■ **What this task involves**: Using the material below, print a verbatim copy of every line from the one containing "Kaufen Sie China" through the one containing "Une photo en", inclusive, and omit the pictures.

■ **Records to use**:
--- --- ---
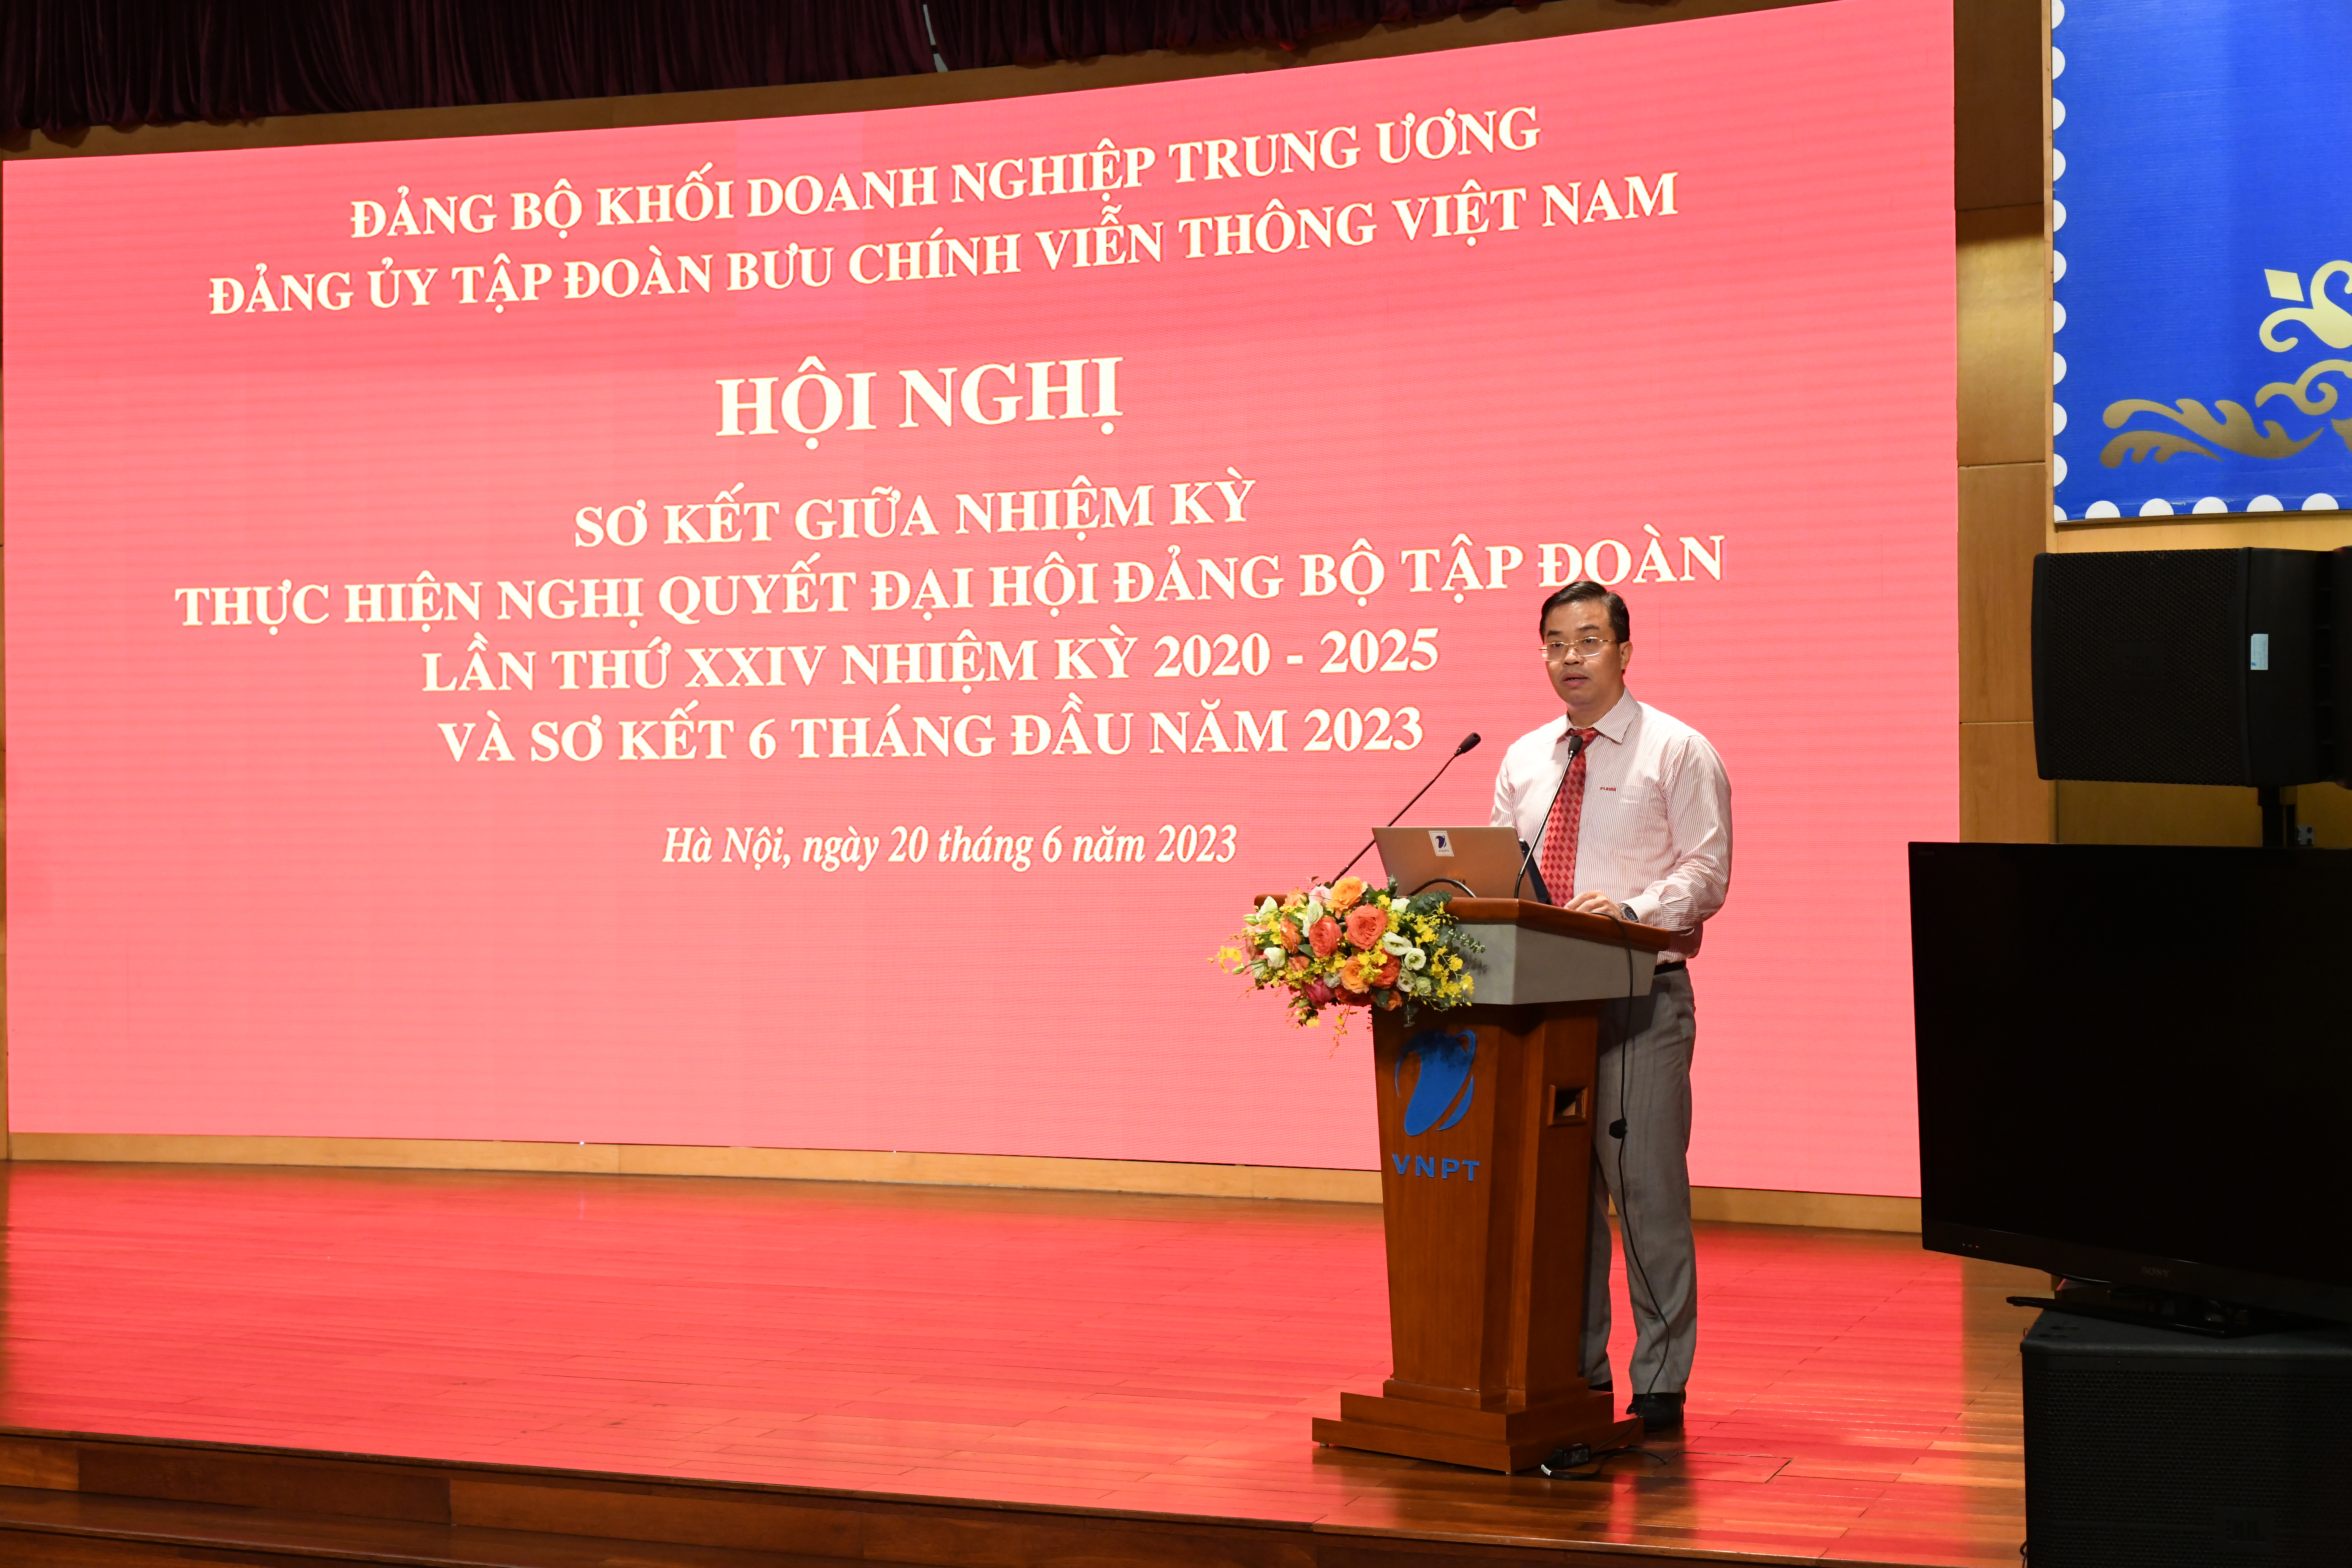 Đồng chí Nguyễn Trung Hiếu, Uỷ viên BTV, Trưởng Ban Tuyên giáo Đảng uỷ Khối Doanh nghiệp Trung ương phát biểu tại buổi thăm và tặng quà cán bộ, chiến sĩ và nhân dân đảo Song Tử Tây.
--- --- ---
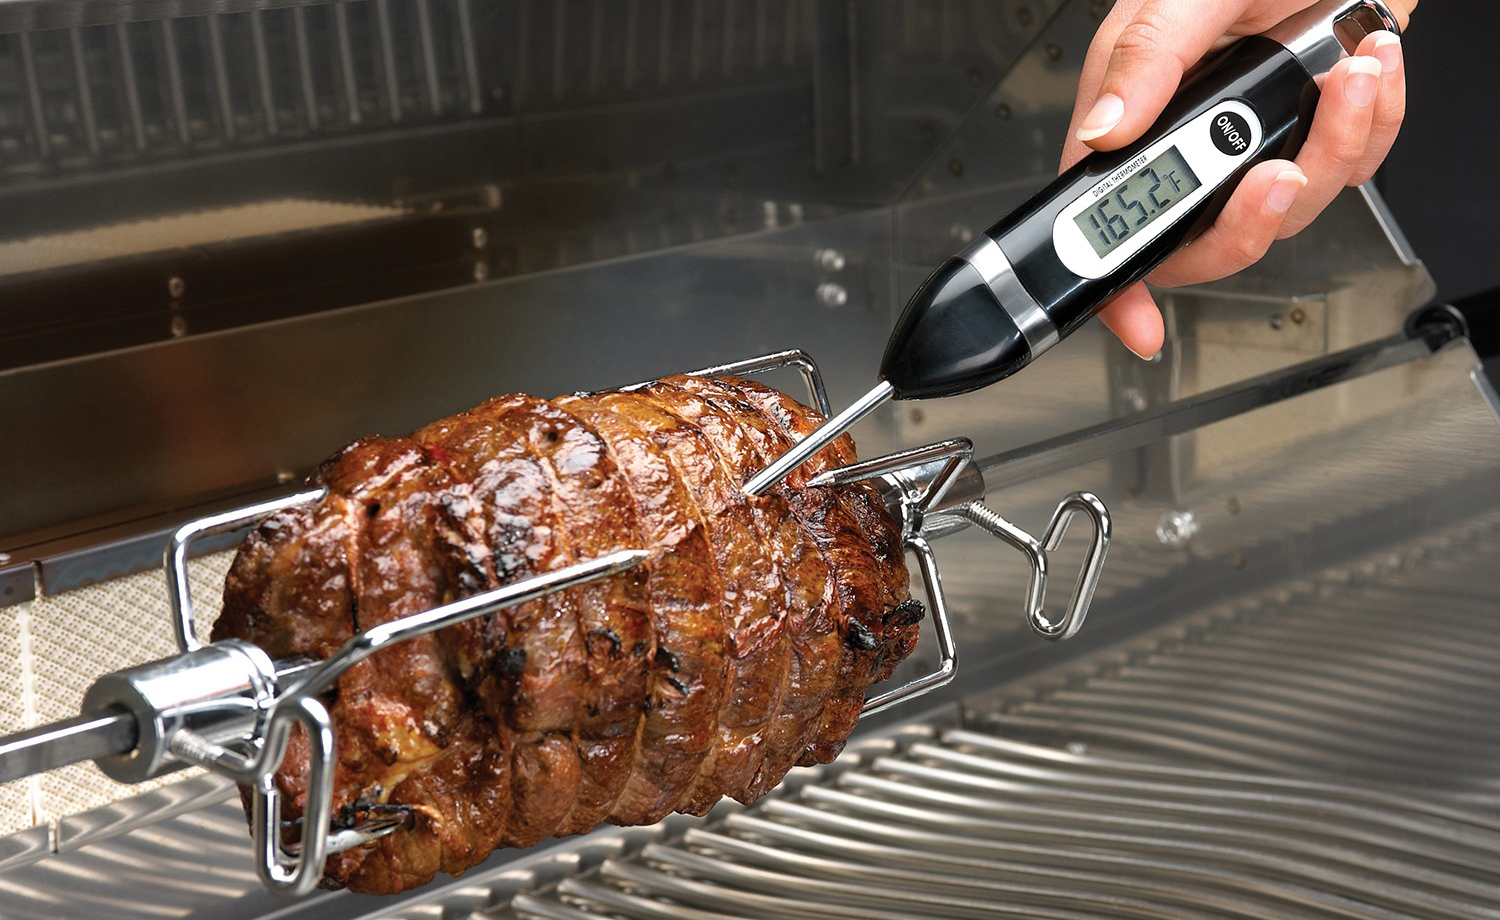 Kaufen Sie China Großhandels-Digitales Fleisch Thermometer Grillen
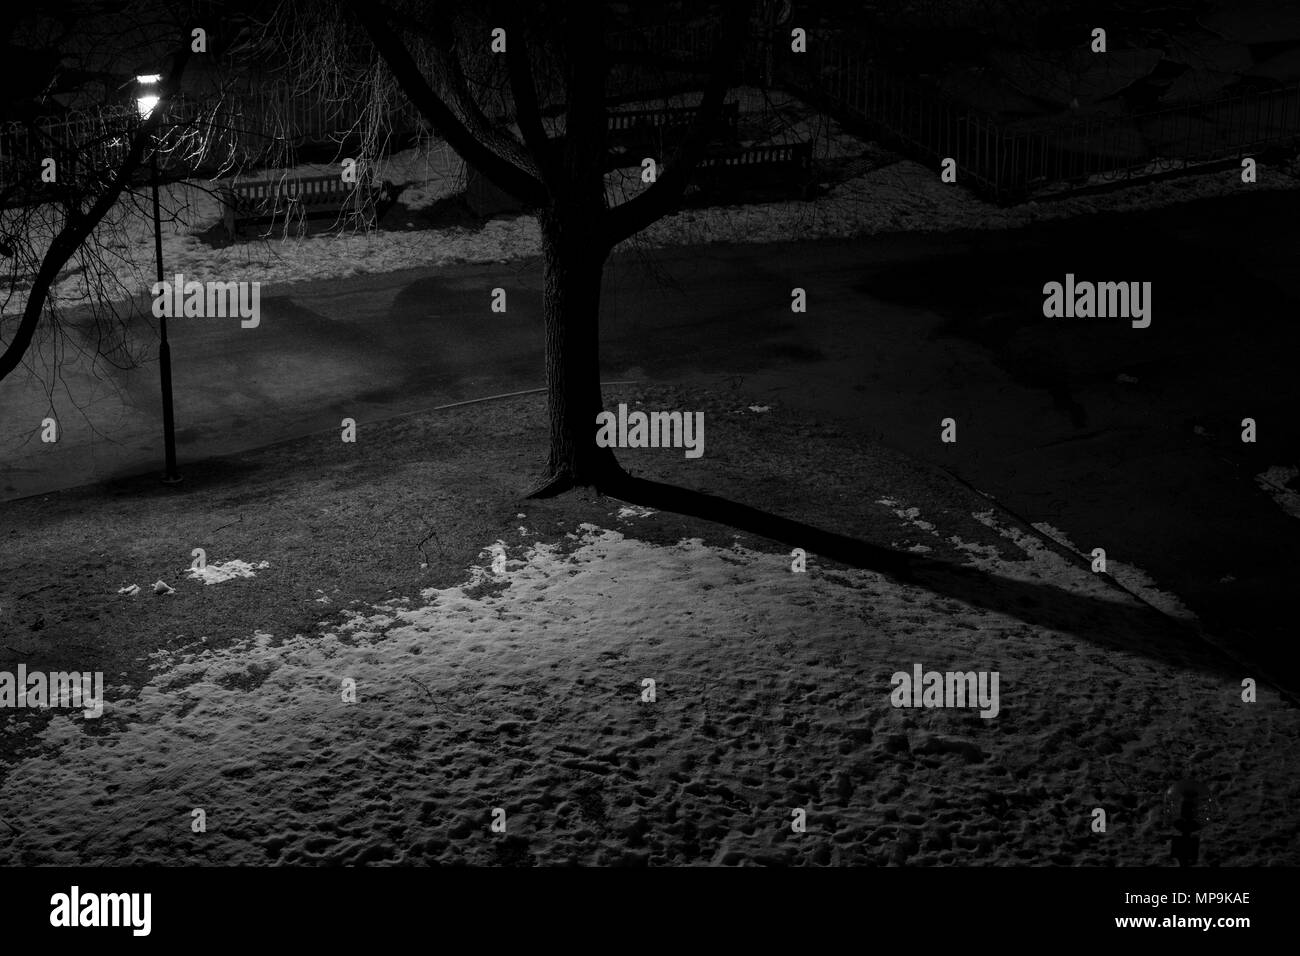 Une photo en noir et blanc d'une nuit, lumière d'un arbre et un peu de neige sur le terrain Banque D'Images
--- --- ---
■ **Exercise result**:
 Kaufen Sie China Großhandels-Digitales Fleisch Thermometer Grillen
 Une photo en noir et blanc d'une nuit, lumière d'un arbre et un peu de neige sur le terrain Banque D'Images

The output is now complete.